Roberta Pearson is Professor of Film and Television Studies at the University of Nottingham. Among her most recent publications are the co-authored Star Trek and American Television (2014), and the co-edited Many More Lives of the Batman (2015) and Storytelling in the Media Convergence Age: Exploring Screen Narratives (2015). She is in total the author, co-author, editor or co-editor of fourteen books, and author or co-author of over eighty journal articles and book chapters.
Karen Petruska is Assistant Professor of Communication Studies at Gonzaga University. Her research interests include digital distribution, television history, and regulatory policy. A graduate of Georgia State University, Dr. Petruska has published in Creative Industries, Spectator, Popular Communication, and The Velvet Light Trap. She has also co-edited a special issue of Convergence, contributed to four anthologies, and published online through In Media Res, Flow, Antenna, and MIP Research.
Eva Novrup Redvall is Associate Professor in film and media studies at The University of Copenhagen where she founded and headed the research priority area on Creative Media Industries from 2012-2016. Her research focuses on European film and television production, e.g. screenwriting practices, co-production strategies and specific production frameworks. She has published widely in international books and journals. Among her latest books are the monograph Writing and Producing Television Drama in Denmark: From The Kingdom to The Killing (2012), the edited collection European Cinema and Television: Cultural Policy and Everyday Life (with Ib Bondebjerg and Andrew Higson, 2015) and Transnational European Television Drama: Production, Genres and Audiences (co-authored with Ib Bondebjerg et al., 2017.) She has been a film critic for the daily Danish newspaper Information since 1999 and is part of the Adjudication Committee for The Nordic Council Film Prize 2011-2020.

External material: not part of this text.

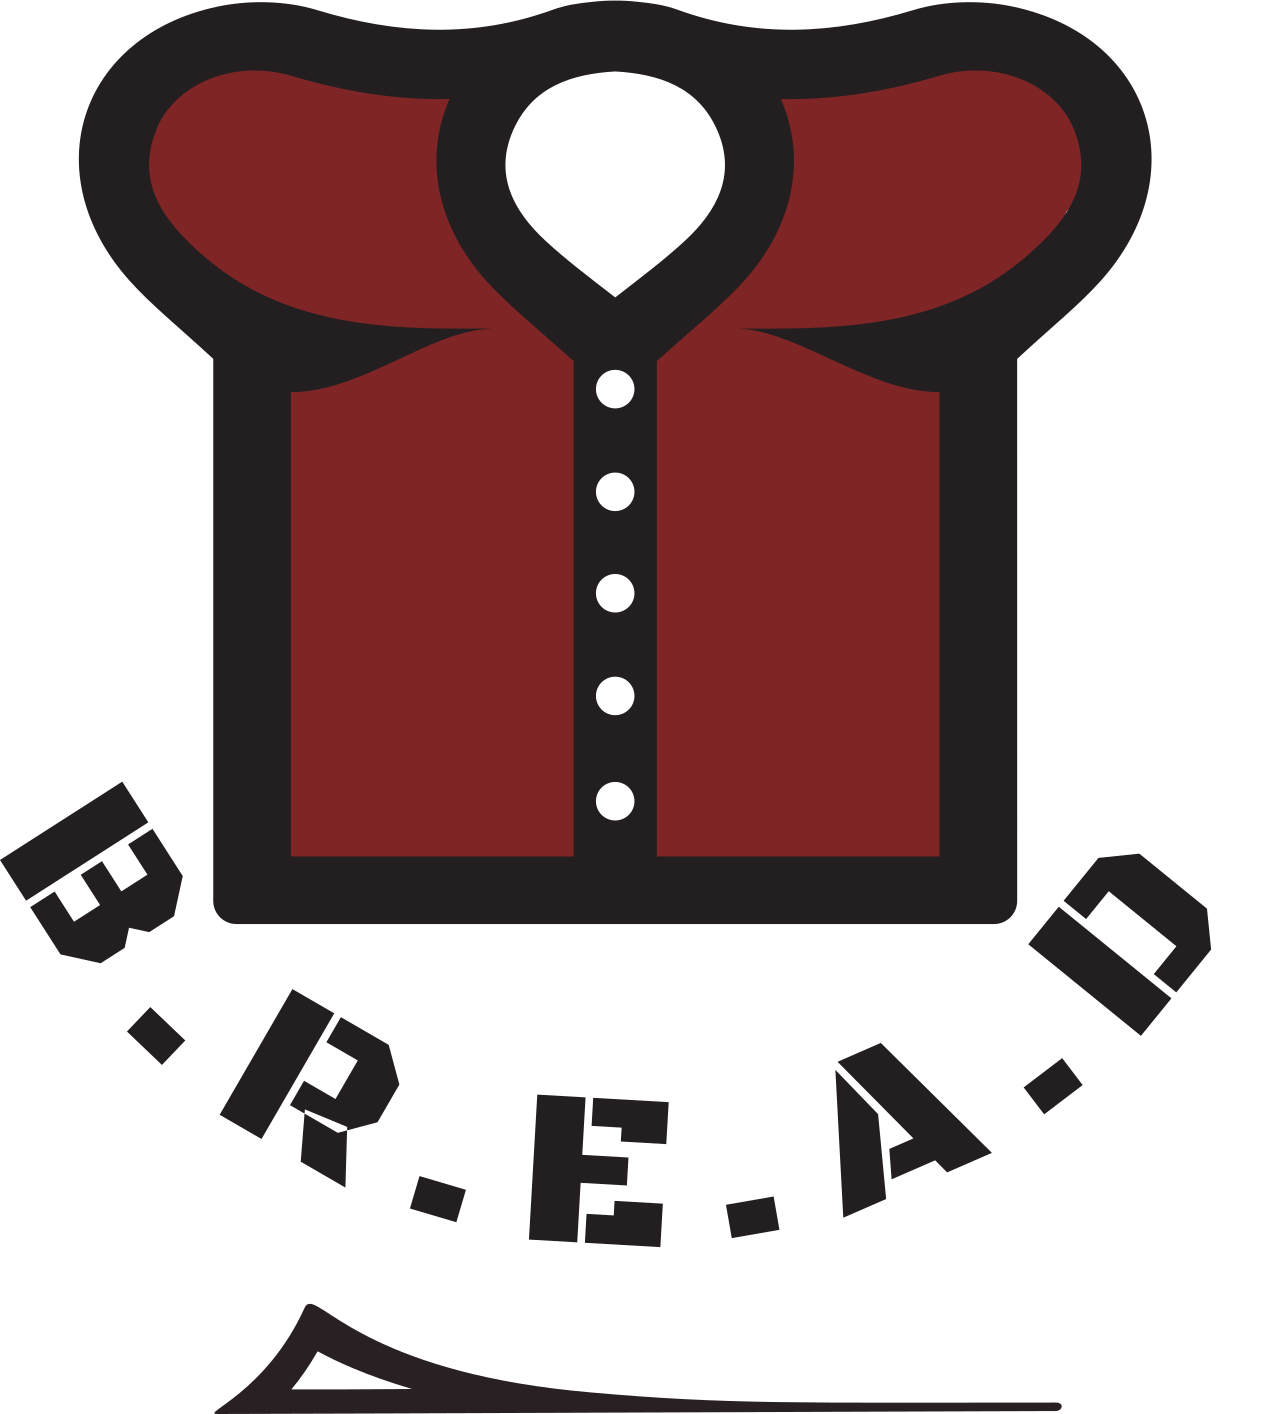 B.R.E.A.D 's logo

Paul Rixon is Reader in Radio and Television at the University of Roehampton. He specialises in the field of Broadcasting with a particular interest in American TV programmes and popular/professional TV criticism, and has published two sole-authored monographs on these subjects: American Television on British Screens: A Story of Cultural Interaction (2006) and TV Critics and Popular Culture: A History of British Television Criticism (2011). Paul has also published a number of articles and chapters on newspaper television critics, American TV programmes, and the Iraqi war.
Sam Ward is Project Director at the branding and cultural insight consultancy Canopy Insight. He completed a PhD in the Institute for Screen Industries Research at the University of Nottingham, before becoming a lecturer at the University of Roehampton. He moved to Canopy in 2016, where he has led research projects for international clients across the media, communications and publishing industries.
Faye Woods is Lecturer in Film & Television at the University of Reading. Her monograph, British Youth Television, is published by Palgrave. Her work has appeared in the journals Television & New Media, Cinema Journal, Critical Studies in Television and Journal of British Cinema and Television, as well as the edited collections From Networks to Netflix, Television Aesthetics and Style, Shane Meadows: Critical Essays and Multiplicities: Cycles, Sequels, Remakes and Reboots in Film & Television.